Equation (2) can also be written as

$$\begin{eqnarray}&&\begin{array}{l}{G}_{\mu \nu }\equiv {R}_{\mu \nu }-\displaystyle \frac{1}{2}{{Rg}}_{\mu \nu }\\ =\,8\pi G\left[{T}_{\mu \nu }+{g}_{\mu \nu }\left(\displaystyle \frac{f(R)-{RF}}{2}\right)\right.\\ \,\left.+\,({{\rm{\nabla }}}_{\mu }{{\rm{\nabla }}}_{\nu }F(R)-{g}_{\mu \nu }\square F(R))\right].\end{array}\end{eqnarray} \tag{ 6 }$$

We can, in a straightforward way, compare the above Equation (6) with Einstein's equation R_{μ ν} − (1/2)Rg_{μ ν} = κ² T_{μ ν} in GR. We have modified the energy-momentum tensor as ${T}_{(m)}^{\mu \nu }+{T}_{f(R)}^{\mu \nu }$.
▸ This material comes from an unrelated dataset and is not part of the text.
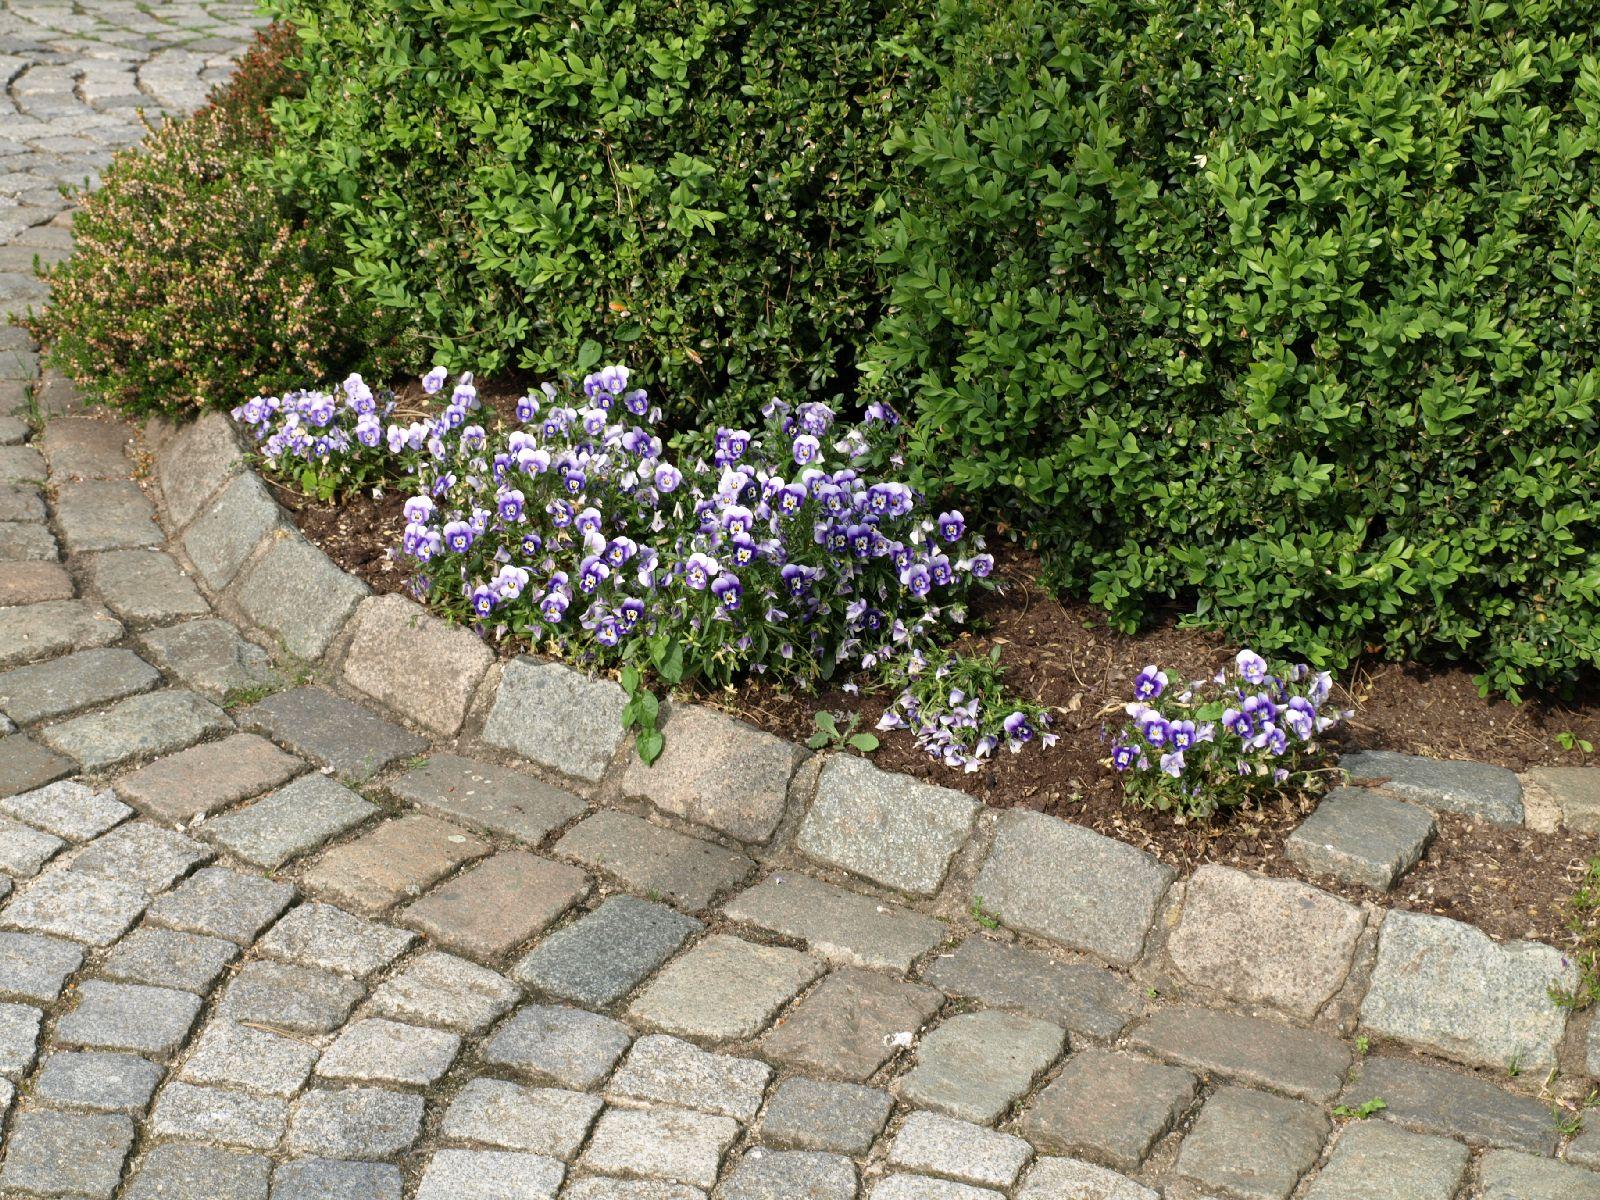 Pflanzen-Blumen-Foto_Textur_B_P5253067

We obtain Friedmann equations in the f(R) gravity as (Huang 2014)

$$\begin{eqnarray}&&\begin{array}{l}3{H}^{2}=8\pi G{\rho }_{m}\\ \,+\,\left[\displaystyle \frac{{RF}-f(R}{2}-3H\dot{F}-3{H}^{2}(F-1)\right],\end{array}\end{eqnarray} \tag{ 7 }$$

$$\begin{eqnarray}&&\begin{array}{l}-2\dot{H}=8\pi G{\rho }_{m}+\left[\ddot{F}-H\dot{F}+2\dot{H}(F-1)\right],\end{array}\end{eqnarray} \tag{ 8 }$$

where $\ddot{a}/a=\dot{H}+{H}^{2}$ and $\dot{a}/a\equiv H$. Some extra terms appear in the Friedmann Equations (7) and (8) due to f(R) gravity, which act as pressure and energy density due to f(R) gravity. We have an effective equation of state in the f(R) gravity given as

$$\begin{eqnarray}&&\begin{array}{l}{w}_{\mathrm{eff}}=-1-\displaystyle \frac{2\dot{H}}{3{H}^{2}}.\end{array}\end{eqnarray} \tag{ 9 }$$

We obtain the effect of acceleration in the f(R) gravity without introducing an exotic form of matter as a DE component. The equation of state to explain the effect of the late-time acceleration is w = −1.03±0.03 in Aghanim et al. (2020). The expression of w_eff (Sharma & Verma 2022a) for model $f(R)=R+{R}^{1+\delta }/{R}_{c}^{\delta }$ is

$$\begin{eqnarray}&&\begin{array}{l}{w}_{\mathrm{eff}}=-1+\displaystyle \frac{2}{3}{\varepsilon }_{1}=-1+\displaystyle \frac{2(1-\delta )}{3\delta (1+2\delta )},\end{array}\end{eqnarray} \tag{ 10 }$$

where ε₁ ≃ (1 − δ)/[3δ(1 + 2δ)] and δ is a model parameter.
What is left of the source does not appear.